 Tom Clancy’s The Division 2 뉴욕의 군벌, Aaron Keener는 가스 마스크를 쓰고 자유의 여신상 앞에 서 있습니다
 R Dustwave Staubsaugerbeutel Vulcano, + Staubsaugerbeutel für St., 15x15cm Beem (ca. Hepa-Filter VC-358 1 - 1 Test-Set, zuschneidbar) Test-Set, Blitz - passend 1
...
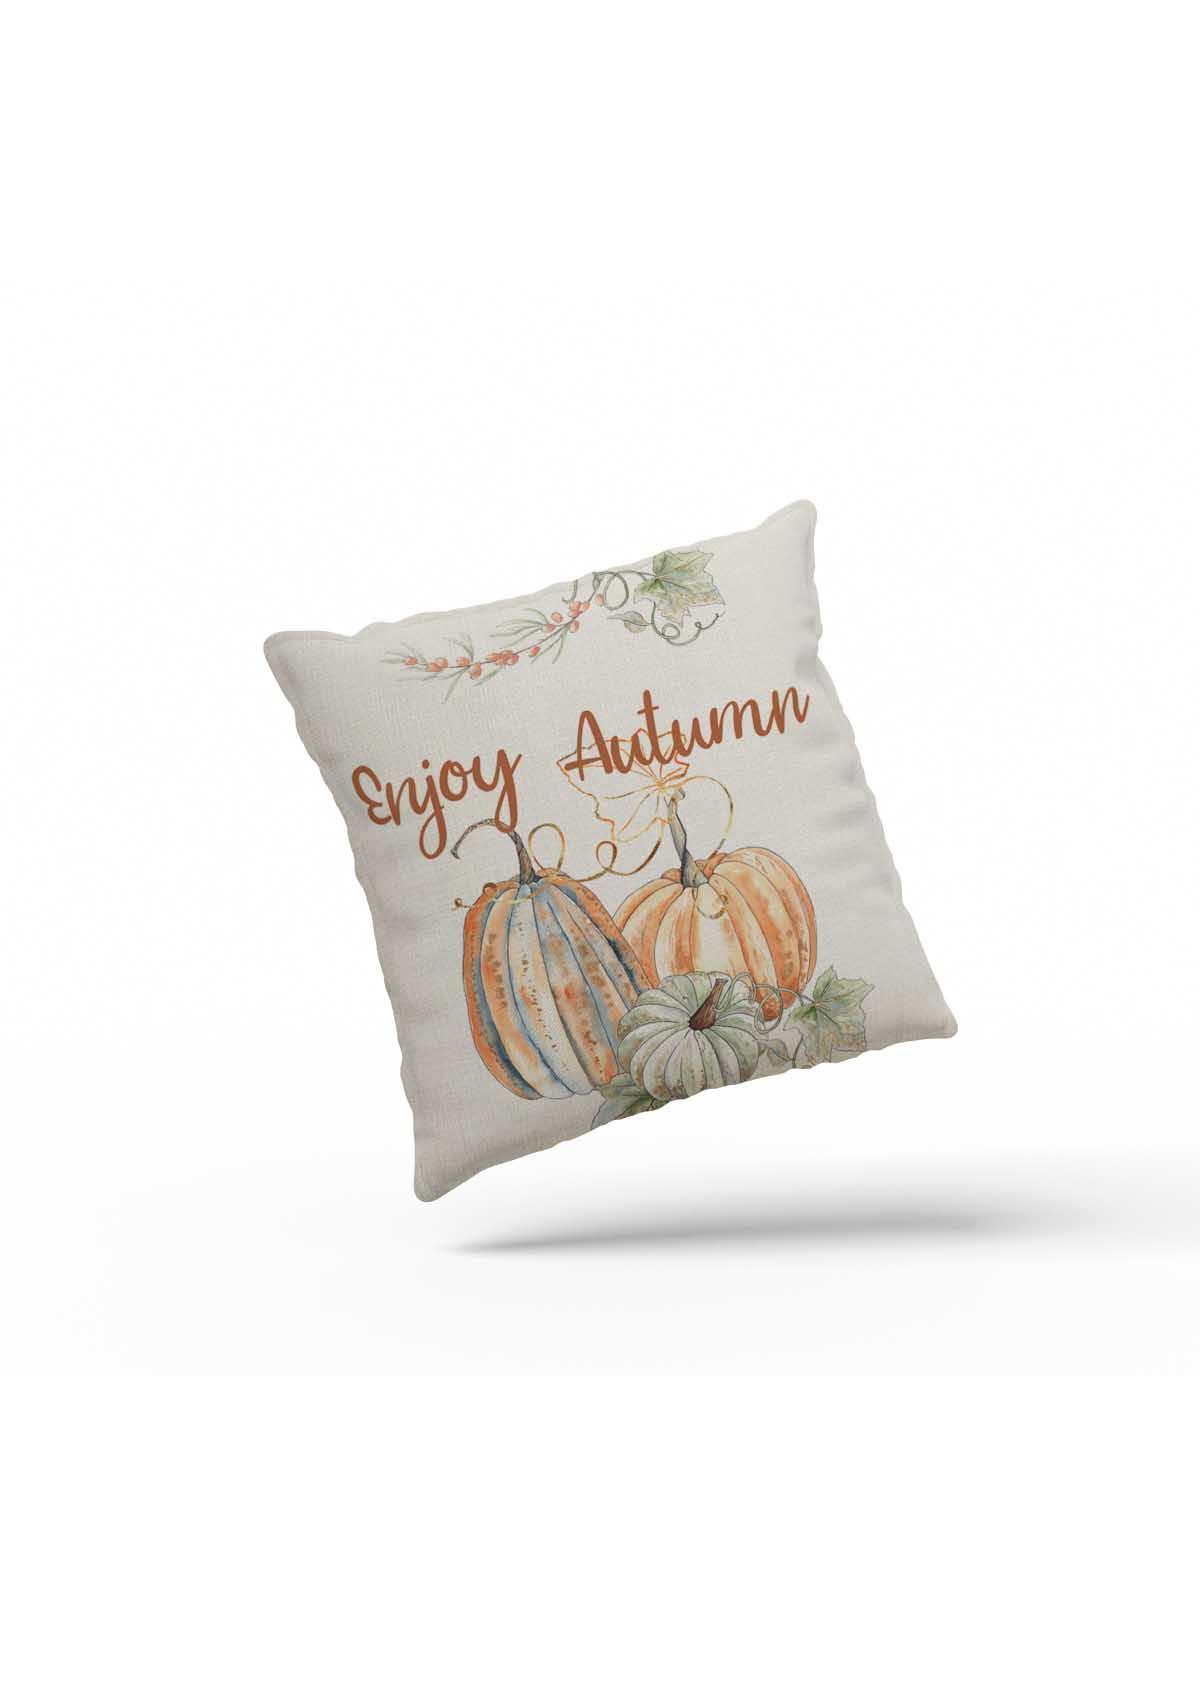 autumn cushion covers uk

**What the exercise asks:** Give back, unchanged, the run of lines in the listing above that begins at the line containing "Tom Clancy’s The" and ends at the line containing "R Dustwave Staubsaugerbeutel", both included.

**Solution below:**
 Tom Clancy’s The Division 2 뉴욕의 군벌, Aaron Keener는 가스 마스크를 쓰고 자유의 여신상 앞에 서 있습니다
 R Dustwave Staubsaugerbeutel Vulcano, + Staubsaugerbeutel für St., 15x15cm Beem (ca. Hepa-Filter VC-358 1 - 1 Test-Set, zuschneidbar) Test-Set, Blitz - passend 1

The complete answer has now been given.